Objective: To compare the quantity of the SAR-CoV-2 and the consumption resources test between the plaque and CCID50 assays (original strain).
Method: This study was an experimental research from March to June 2020 by comparing the quantification of the SAR-CoV-2 between both methods using the same virus set at 80 tests in the same period.
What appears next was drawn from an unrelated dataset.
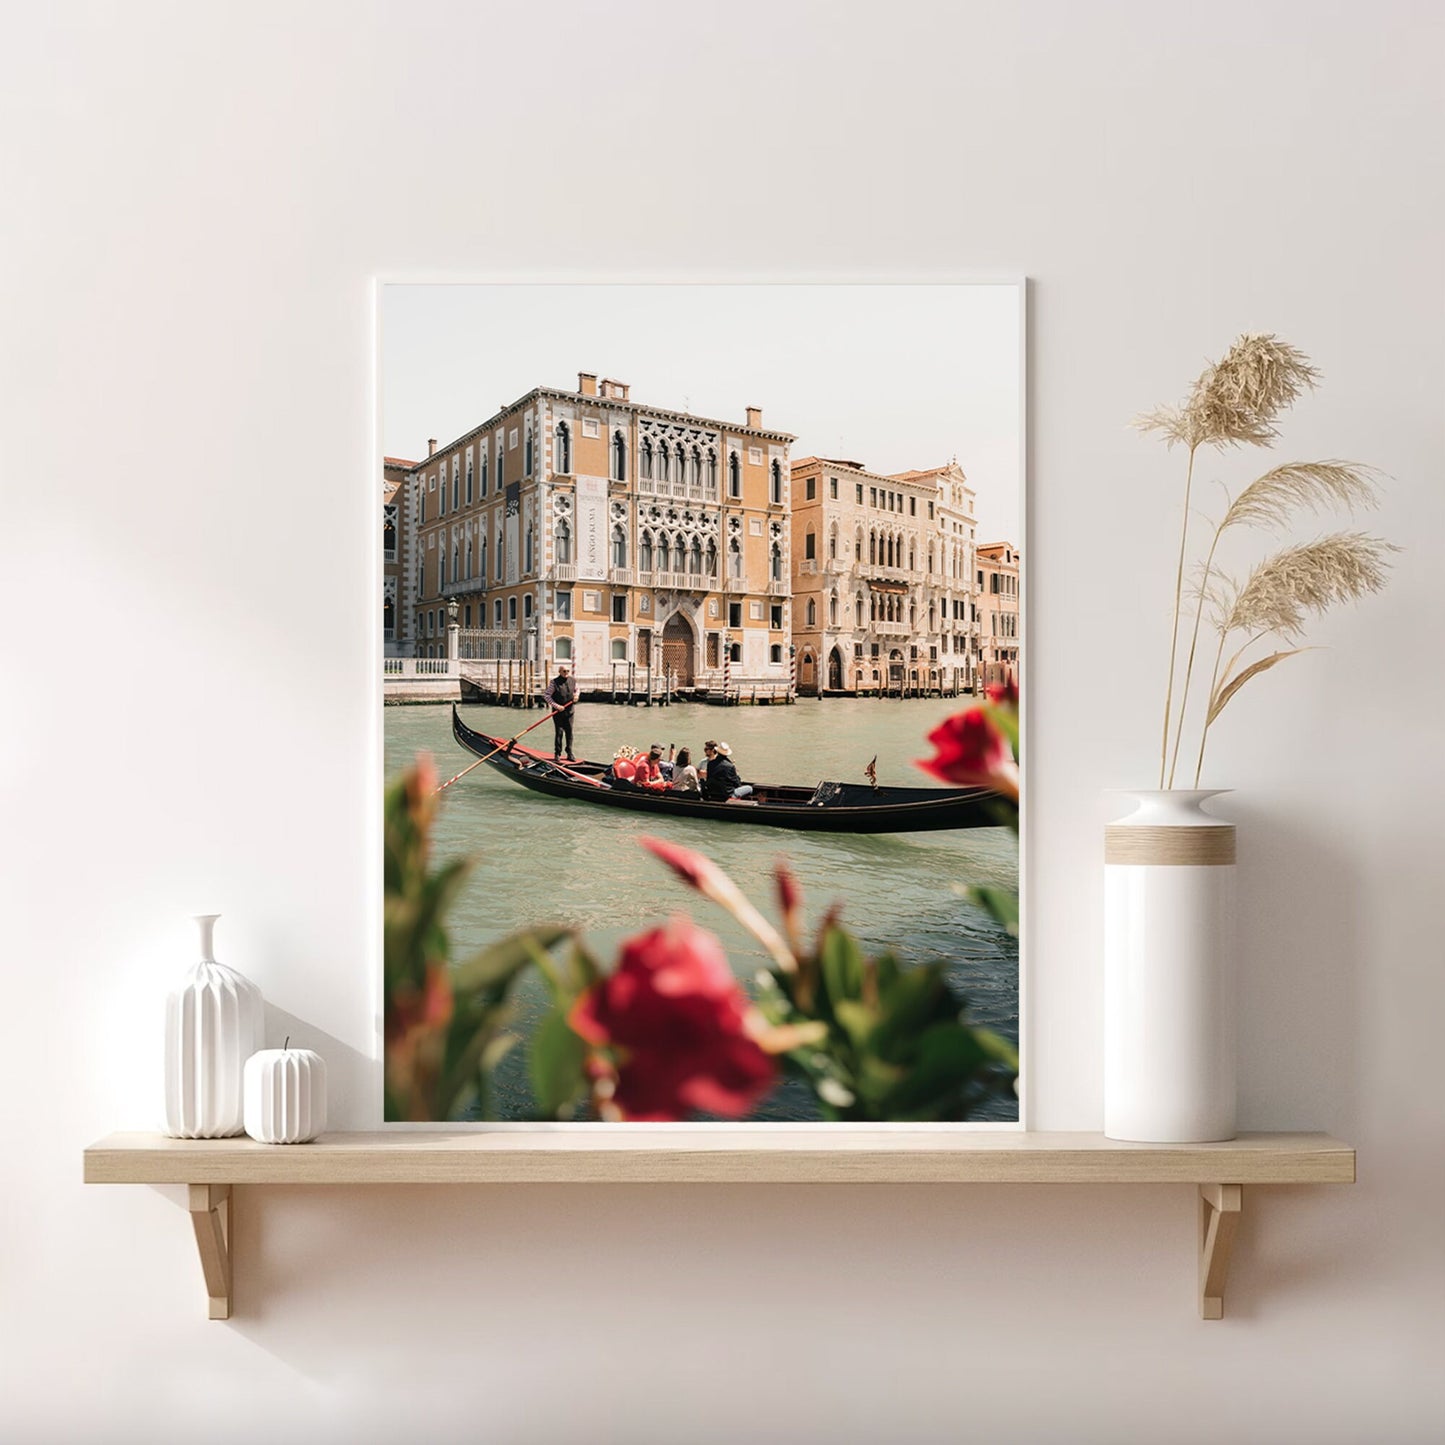 Venice Italy Floral Gondola Print, Gondola in Grand Canal, Italian Wall Art, Spring in Italy Lifestyle Photography, Red Italy Flowers

Result: The results showed that the geometric means of viral titers determined by the plaque and CCID50 assays were 5.97 log PFU/ml and 6.00 log CCID50/ml, respectively. The percentages of the coefficient of variance of the methods were 4.09 and 3.29, respectively. The statistical analysis by the Paired-t test showed no statistically significant difference between these two methods at a 95% confidence interval. In addition, the ratio of viral titers of the mean over the geometric mean ranged between 0.87 and 1.13. However, the CCID50 assay was faster by requiring only 4 days of testing and more cost-effective by using fewer materials, equipment, and medium.
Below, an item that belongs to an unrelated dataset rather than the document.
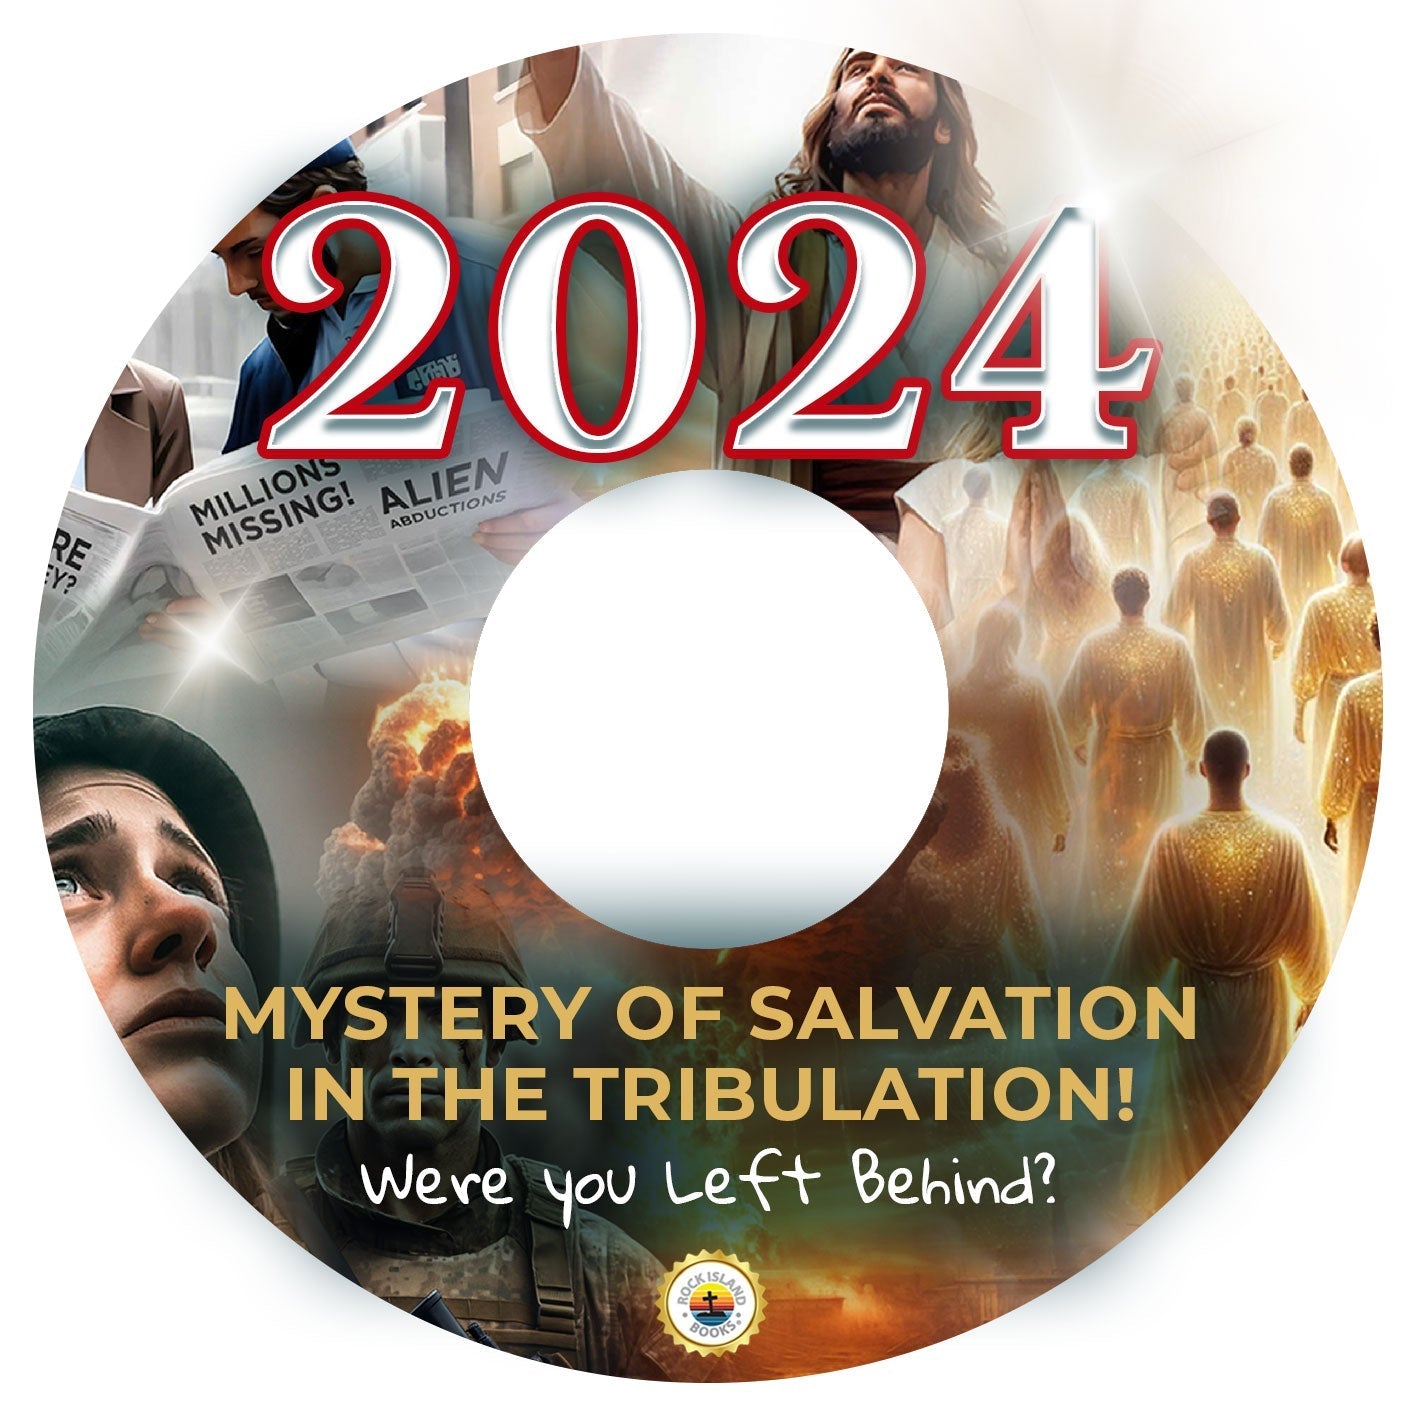 2024: Mystery of Salvation in the Tribulation USB Flash Drive - Were you left behind?

Conclusion: The determination of SARS-CoV-2 virus counting by the plague counting method and the 50% cell culture infection test showed no difference in results, but testing for 50% infection in cell cultures was faster and more cost-effective. It revealed that both methods can be used to quantify the SARS-CoV-2 titer, which can be applied to detect immune responses in COVID-19 patients as well as in COVID-19 vaccine testing further in animals and humans.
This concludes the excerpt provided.